Despite how awkward the sentence was, each word was tinged with anger that trickled fear down Kevin's spine. He stood, paralyzed, watching Ed help Edd to his feet. Jimmy stood far behind them, shivering in fear, but Kevin noticed he seemed distracted somehow.

While supporting a bruised Edd, Ed's legs buckled, and he knelt to the ground as his anger quickly dissipated.

"E-Ed, I…I…" Edd didn't know what to say.

"Let's just get back to the train," the large boy said with an unnerving air of seriousness. Before anyone could ask how, he stood up and began walking down the tracks.

"Wait, Ed!" Edd called. The boy stopped, and Edd reached into his coat to pull out a compass. "Our best bet is to follow the tracks in the eastern direction. We arrived from the Atlantic Ocean, and the train most likely heads deeper into Europe."

"H-how long have you had that?" Jimmy asked.

"Unlike some people, I prepared—" he cut his accusation short when he felt Ed glowering at him, "err, I brought it from Chestnut Falls. A simple yet vital navigational instrument."

"What about the sexy thingy?" Kevin said without looking at Edd.

"That can measure latitude and works well with a map, but would be useless here since I can't see more than ten feet in either direction, much less be able to pinpoint any celestial object such as the sun." After an uncomfortably long pause, he added, "So I think we should go this way."

Ed turned around, and ushered everyone to go ahead of him with a gesture. They began their hike along the tracks, with Kevin and Edd in the front making sure not to make eye contact, Jimmy in the middle lost in his own thoughts, and Ed in the back keeping watch over them. Though he kept an aloof face, his anger had faded into sadness, and he wondered if he had done the right thing.

A while passed, and then another. The air thickened again, and it seemed as if the tracks were the only thing visible in the void of white swirling around the four boys. At last, Edd noticed a fleck of red in the distance, which turned into a flicker, and then a flare. And then he noticed that it really was a flare, almost dead but still sparking diligently to signal their attention, and everyone quickly hustled to it.

The flare stick sat haphazardly on the tracks, and next to it was a metal box. Kevin pushed past Edd as rudely as he could to open it, and found a note inside.
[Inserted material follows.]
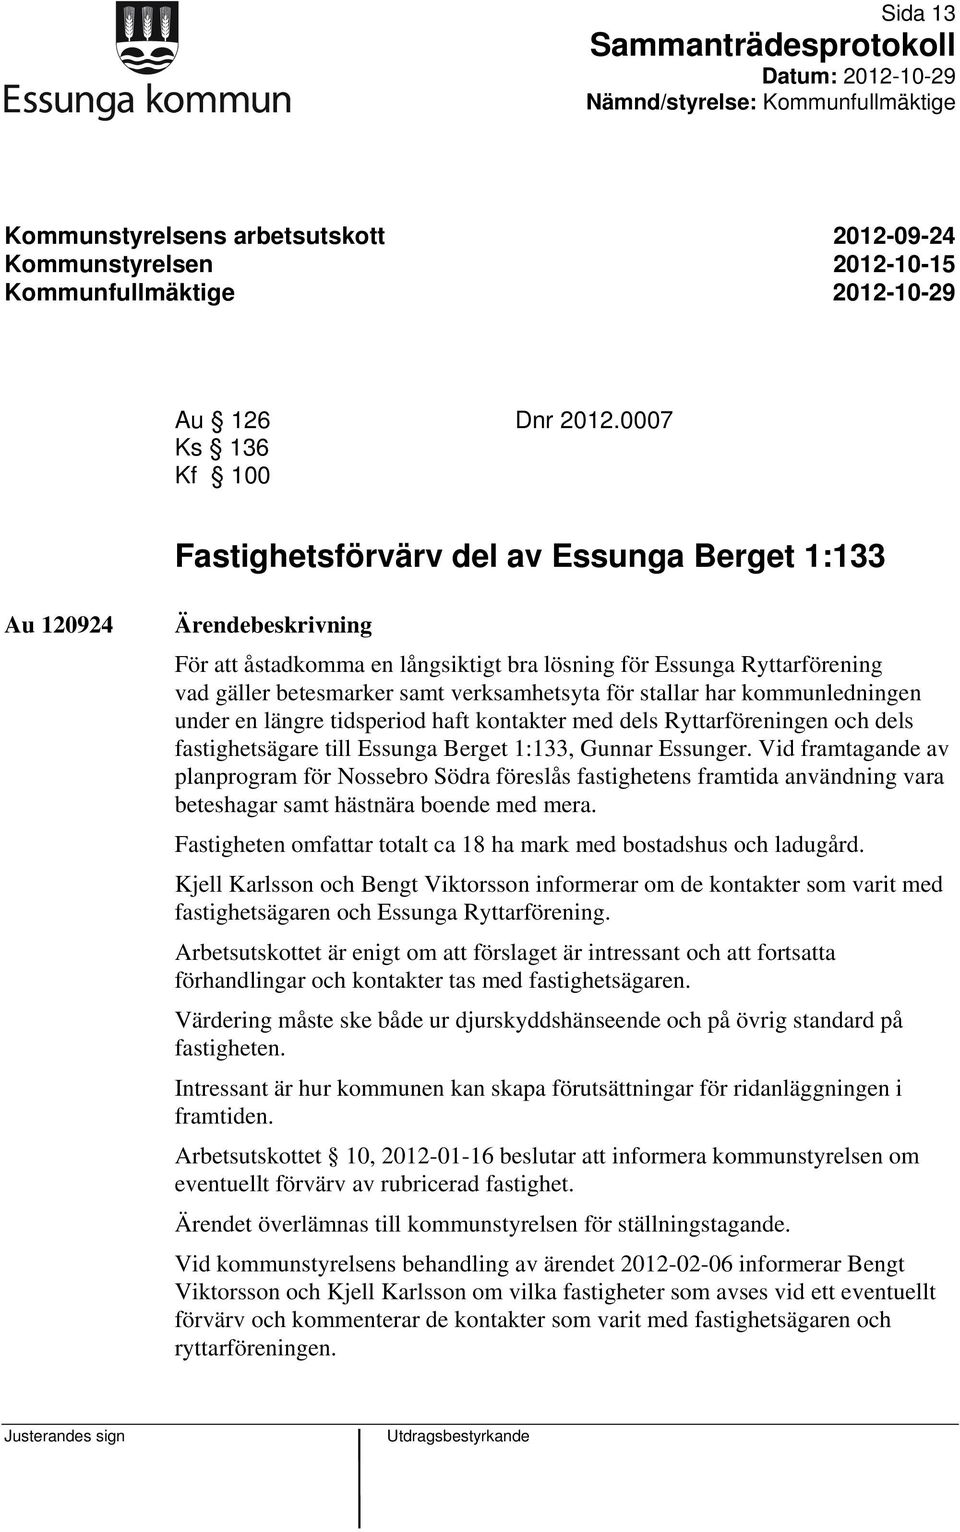 verksamhetsyta för stallar har kommunledningen under en längre tidsperiod haft kontakter med dels Ryttarföreningen och dels fastighetsägare till Essunga Berget 1:133, Gunnar Essunger.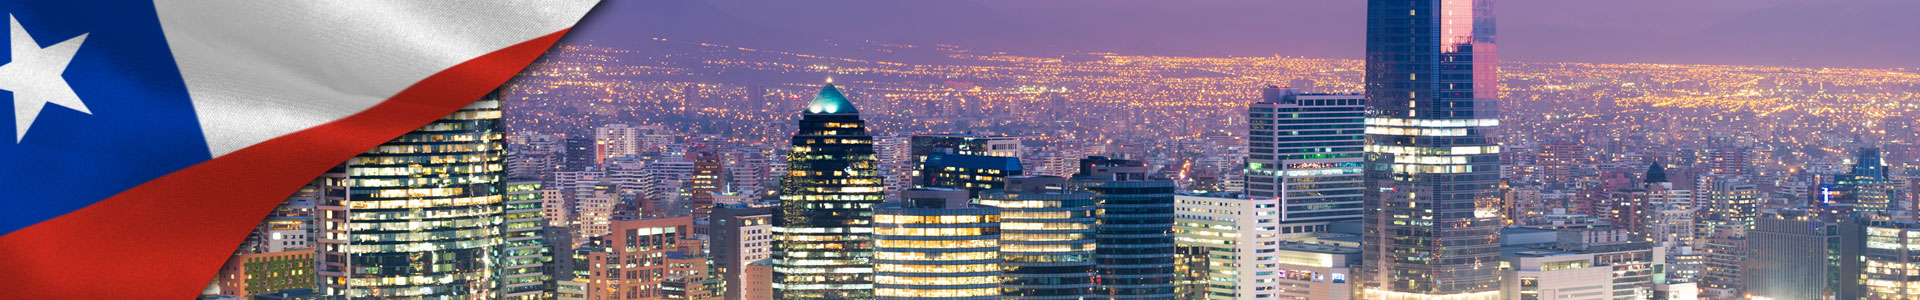 Bandera de Chile y edificios de la capital Santiago en la noche

Children, I give my deepest apologies that I have failed to keep you safe on my own express. Furthermore, I must protect the rest of the passengers as well, so we cannot stop to look for you until they are in a safe place. Further down the line, a few miles about, there is a safe house built for emergencies. Enclosed in this box is the key, as well as a few rations and extra clothing for the journey there. We will do our best to return to the safe house and pick you up as soon as possible. Please be careful out there.

—The Conductor.

"…He signs letters with his title instead of his name?" Edd remarked, earning a confused shrug from Kevin. The boys looked inside the box and found some energy bars, a first aid kit, and some extra gloves and hats. Underneath all of it was the key, which Ed quickly snatched.

"I'll open the door," he said sternly, trying to keep the unsureness out of his voice. The three others gave him a look, but said nothing.

Not another word was said as they continued their hike along the tracks, nor were there any other monsters to attack them. There was just the cold, attempting to dissuade them from taking another step for each one they took despite it. Kevin's face was numb. He blinked to hide his gaze shifting over to Edd for a second, and blinked again to look away.

Stupid dork. Dork, dork, dorky-dork.

As he seethed, he noticed safe house up ahead. It was small and partially buried in the snow, but the black door to it stood out against everything else. Everyone waited impatiently as Ed fumbled with the key in his unsteady hand until he finally unlocked it. The four went in without a word, and Ed closed the door behind them.